Where the courts ignore the company and concern themselves directly with the members or managers, the corporate veil may be said to have been lifted. Only in appropriate circumstances, the courts are willing to lift the corporate veil and that too when questions of control are involved rather than merely a question of ownership.

Exceptions:
The corporate veil of a company will be lifted only in exceptional cases such as follows;
Under statutory provisions:

Reduction of number of members below statutory minimum:

  1. In the case of a public company with less than seven members and three directors and
  2. In the case of a private company with less than 2 members and 2 directors. Severally liable for the payment of whole debts of the company contracted during that time and may be severally sued thereof.
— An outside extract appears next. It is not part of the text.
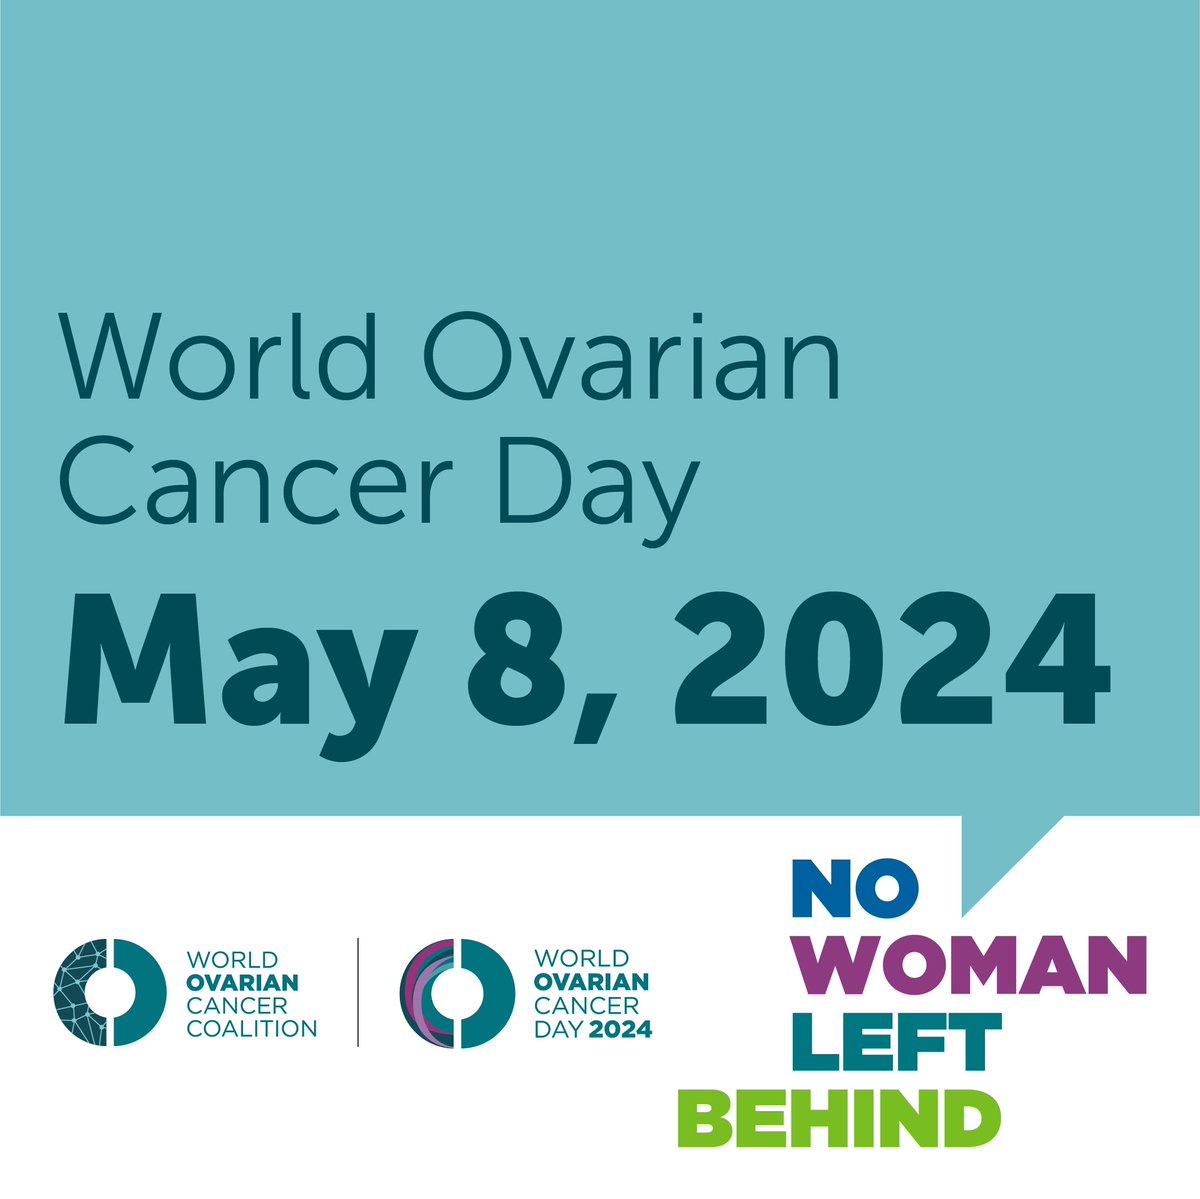 Established in 2013 by a group of leaders from ovarian cancer advocacy organizations around the world, May 8 – World Ovarian Cancer Day, is the one day of the year we globally raise our voices in solidarity in the fight against ovarian cancer.
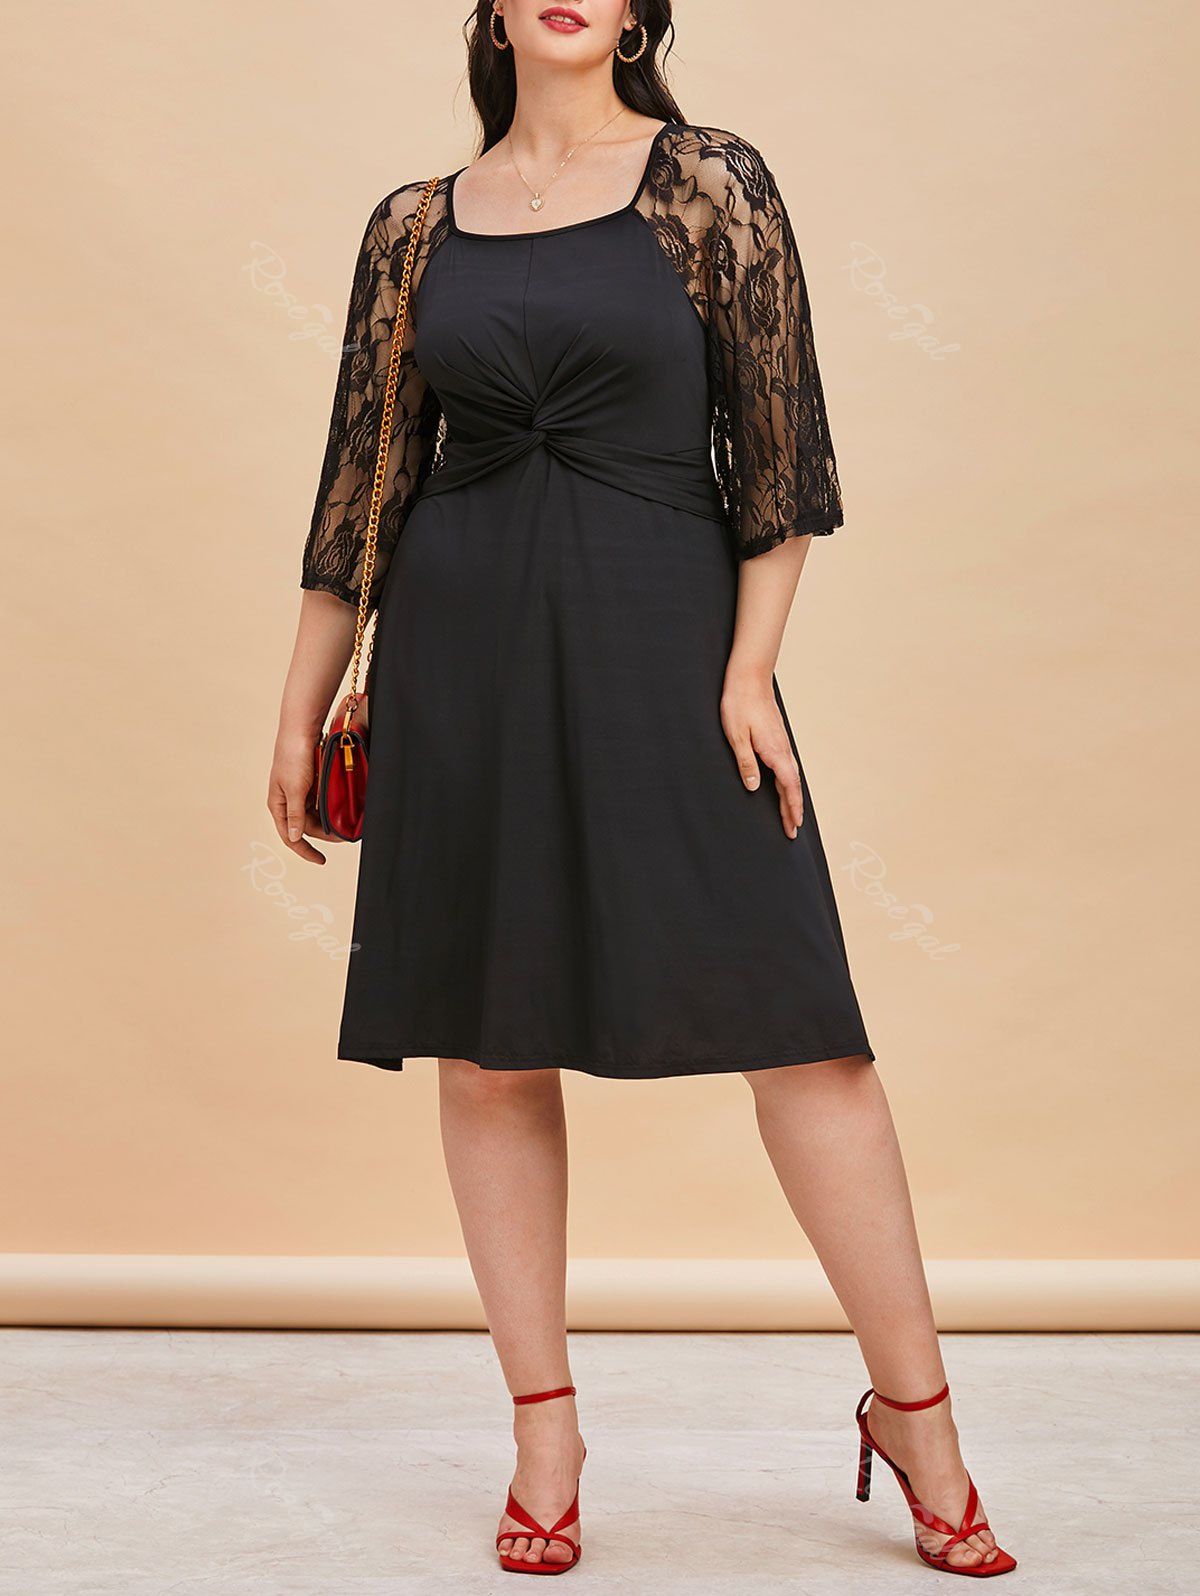 Rosegal Plus Size Twisted Lace Panel See Thru Dress

Failure to refund application fee:

Under Section 39 of the Companies Act, 2013 the director of the company shall be jointly and severally liable to repay that money with interest at the rate of 6% per annum from the expiry of the 133 days if they fail to repay the application money without  interest within 120 days when the company fails to allot shares.

Mis-description of company's name:

Under Section 12 of the Companies Act, 2013 if an officer of a company signs, or authorizes to be signed, on behalf of the company, any bill of exchange, hundi, promissory note, endorsement, cheque or order for money or goods wherein its name is not mentioned, apart from penal liability, the officer becomes personally liable on those instruments.

Fraudulent Trading:

Under Section 339 of the Companies Act, 2013 every person knowingly a party to the carrying on of the business in the manner aforesaid, shall be punishable with imprisonment for a term which may extend to two years or with fine which may extend to fifty thousand or with both.

Holding and Subsidiary Company:

Separation is ignored for the purpose of group accounts.

For investing in a company's ownership:

Under Section 216 of the Companies Act, 2013 the central government may appoint inspectors to investigate and report on the membership of any company for the purpose of determining the true persons who  are financially interested in the company and who control its policy. Thus the central government has authority to ignore the corporate veil.

Under Judicial interpretation:

  • Protection of Revenue:
    Under Section 179 of Income Tax Act, 1961 the corporate veil may be ignored where the company has been formed merely for evading tax liability
  • Prevention of fraud or improper conduct
  • Determination of character of a company whether it is enemy
  • Whether the company is a sham
  • Innovation of the principle of Agency
  • Public policy

Conclusion: Company Law is a wider concept based on commercial law. It states about all legal rights, relation, and conduct of a persons, companies, organizations & businesses and its formation, funding, governance & death of a corporation. This act deals with the powers, privileges, obligations, objects and scope of the companies. Which helps in economic growth and developments.